Persisting in Folly traces three contrasting phases within this period: the «praise of folly» that underpins acknowledged samizdat masterpieces by Venedikt Erofeev, Yuz Aleshkovsky, and Sasha Sokolov; the sceptical appraisals of the Russian cult of the fool offered in the 1980s by Viktor Erofeev and Dmitry Galkovsky; and the legacy of this conflicted tradition in post-Soviet prose. By combining close readings with a rich comparative and contextual framework, this book charts a new path through recent Russian literature and offers a wide-ranging consideration of the causes and consequences of Russian writers’ enduring quest for wisdom through folly.
If the fool would persist in his folly he would become wise.

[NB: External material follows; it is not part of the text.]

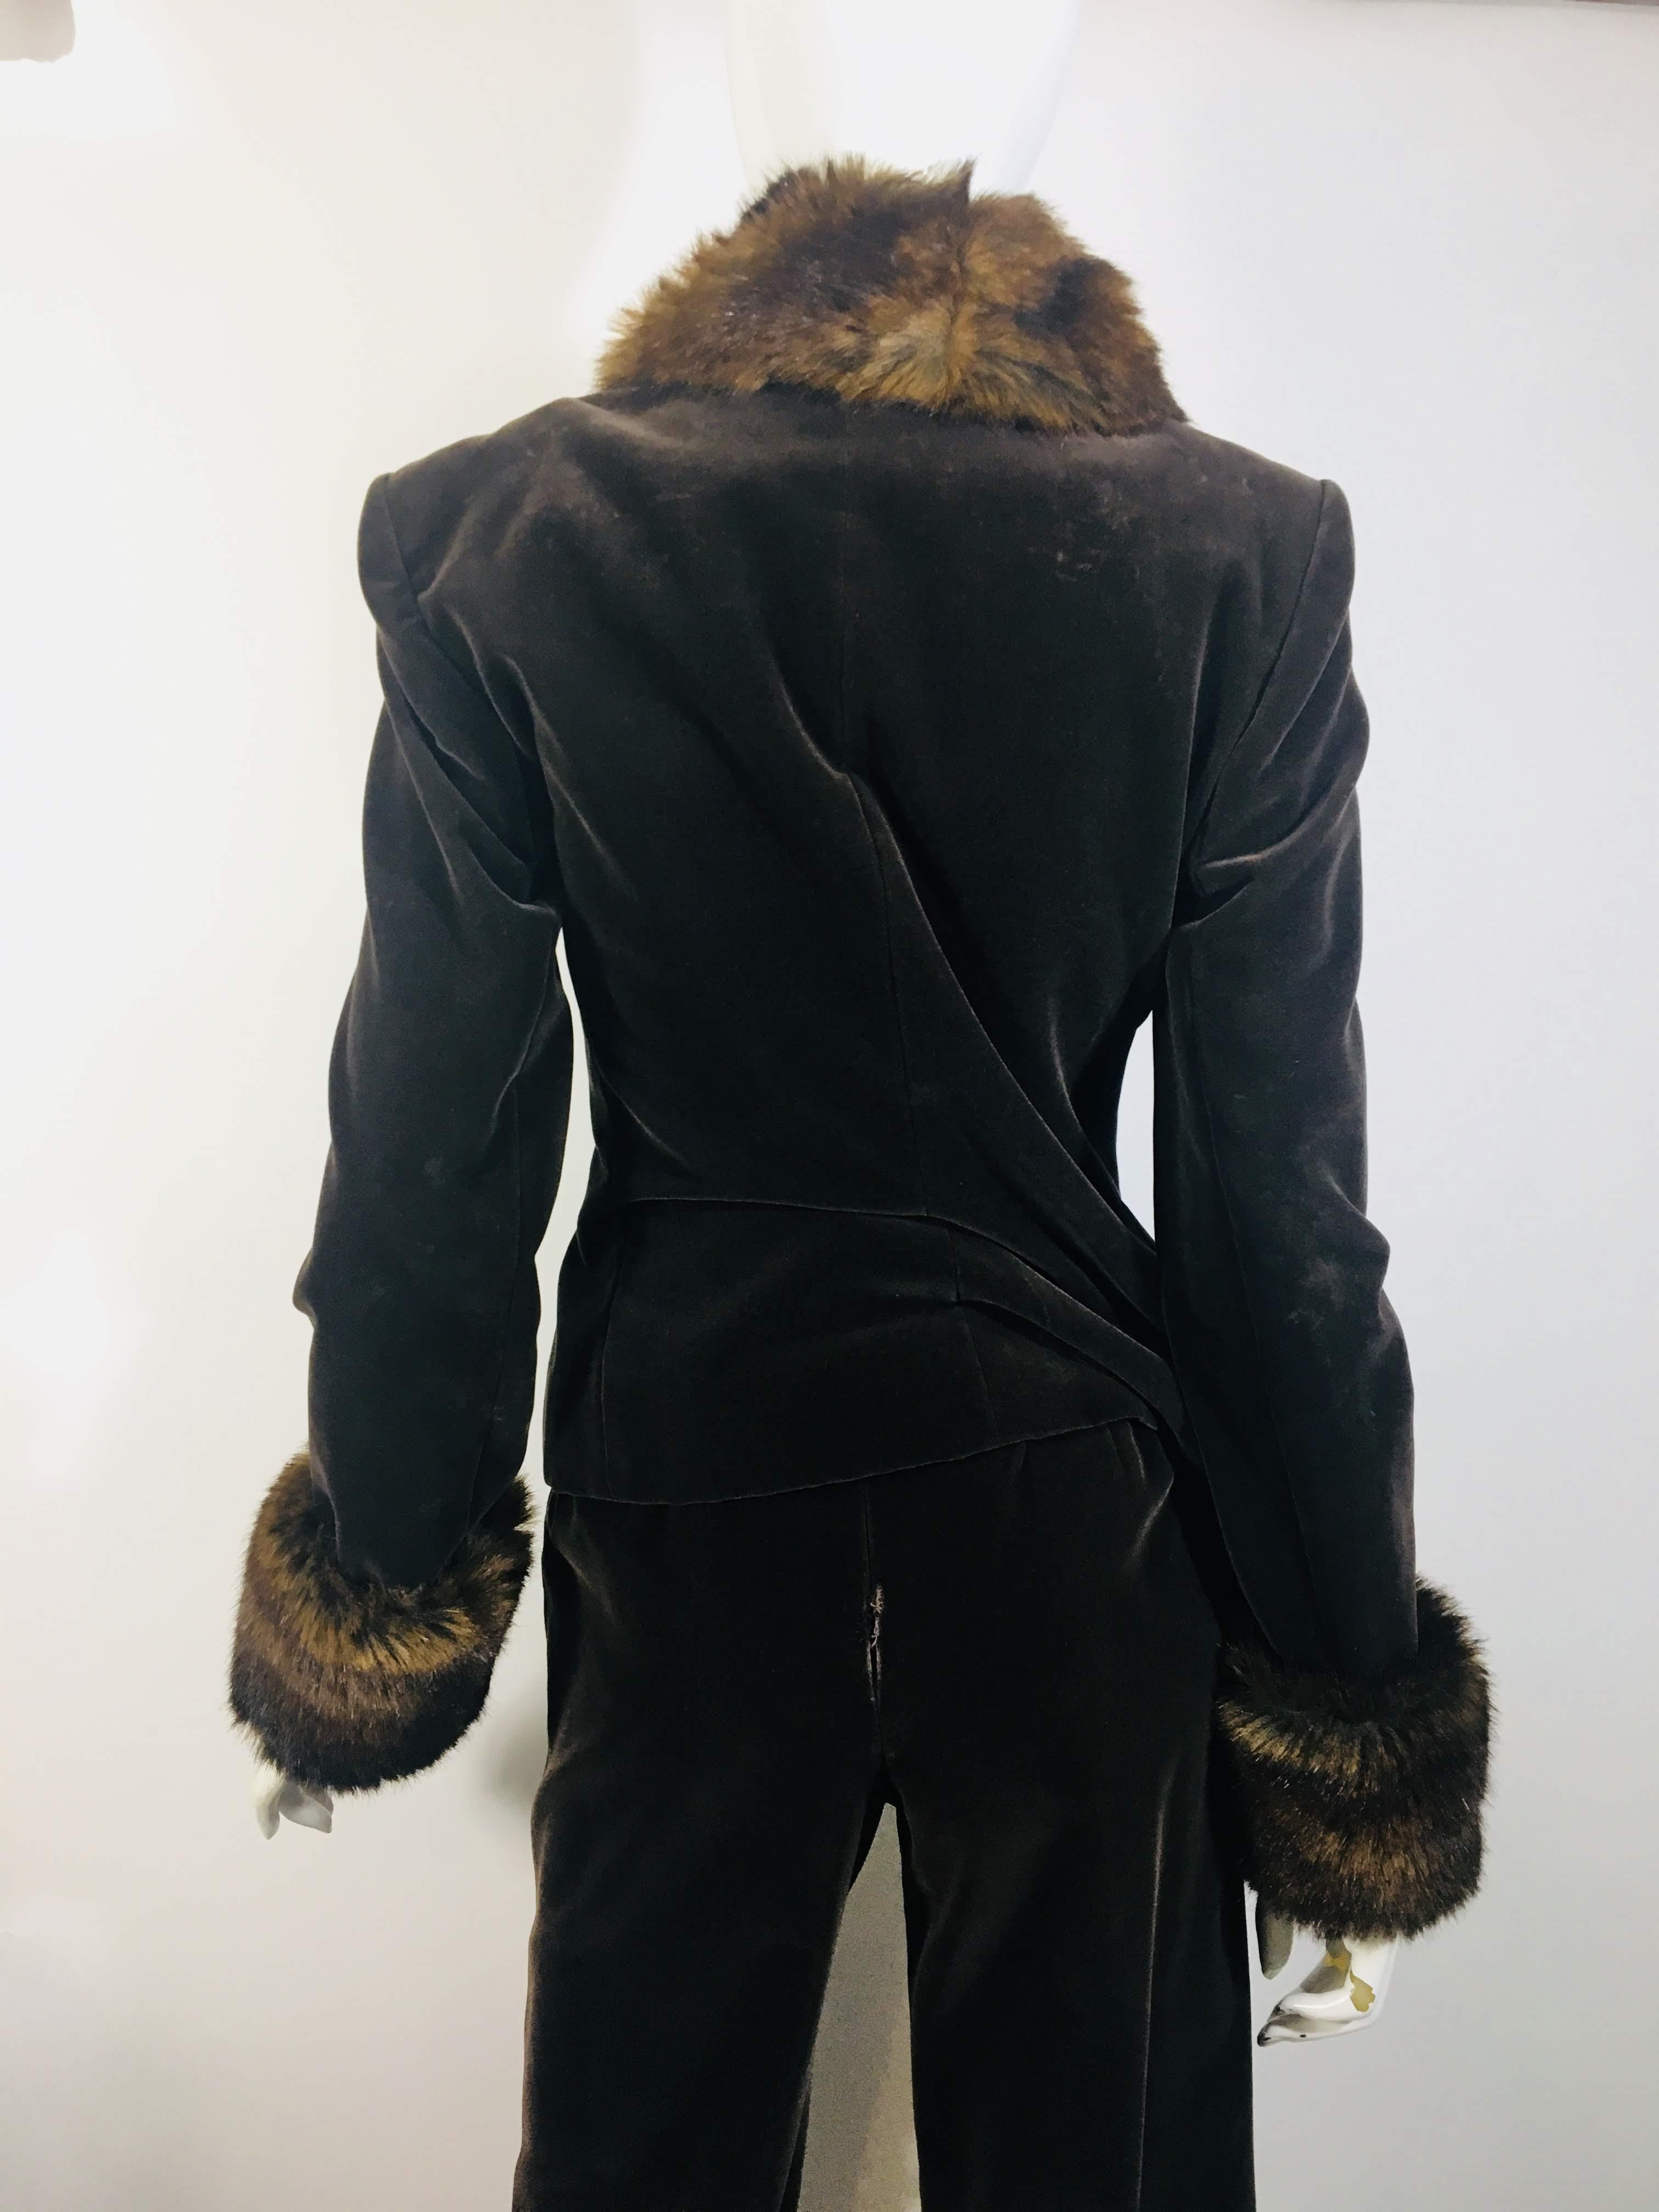 Carolina Herrera Pant Suit with Fur Trim 3

— WILLIAM BLAKE, ‘Proverbs of Hell’
The Scope of this Study
For centuries, Russian writers have persisted in folly, with or without the hope of becoming wise. From Avvakum in the seventeenth century to Evgeny Vodolazkin in the twenty-first, Russian prose abounds in authors of lasting cultural influence who have placed fools, natural or otherwise, at the very core of their art. The prefatory remark in The Brothers Karamazov that the ‘eccentric’ (chudak) may bear within himself the ‘heart of the whole’ is yet more applicable to the chudak’s various literary cousins – the durak (fool), idiot and yurodivyi (holy fool) – who throng Dostoevsky’s novels and Russian fiction more generally.1 Socially peripheral but symbolically central,2 these ‘fools’ appear as protagonists and episodic characters; and they appear as narrators, flaunting their aversion to intellectual pretension and learning. In all these cases, they tend to be invested with an integrity lacking in others, and engage the reader with ancient paradoxes once set in play by Socrates (the wisest man in Athens only ‘to this small extent, that I ← 1 | 2 → do not think I know what I do not know’),3 and, most evocatively for the Russian tradition, St Paul, who enjoined his puffed-up brethren in Corinth to be, like he and his fellow apostles, ‘fools for Christ’s sake’ (1 Cor 4:10).
As these examples indicate, the search for wisdom...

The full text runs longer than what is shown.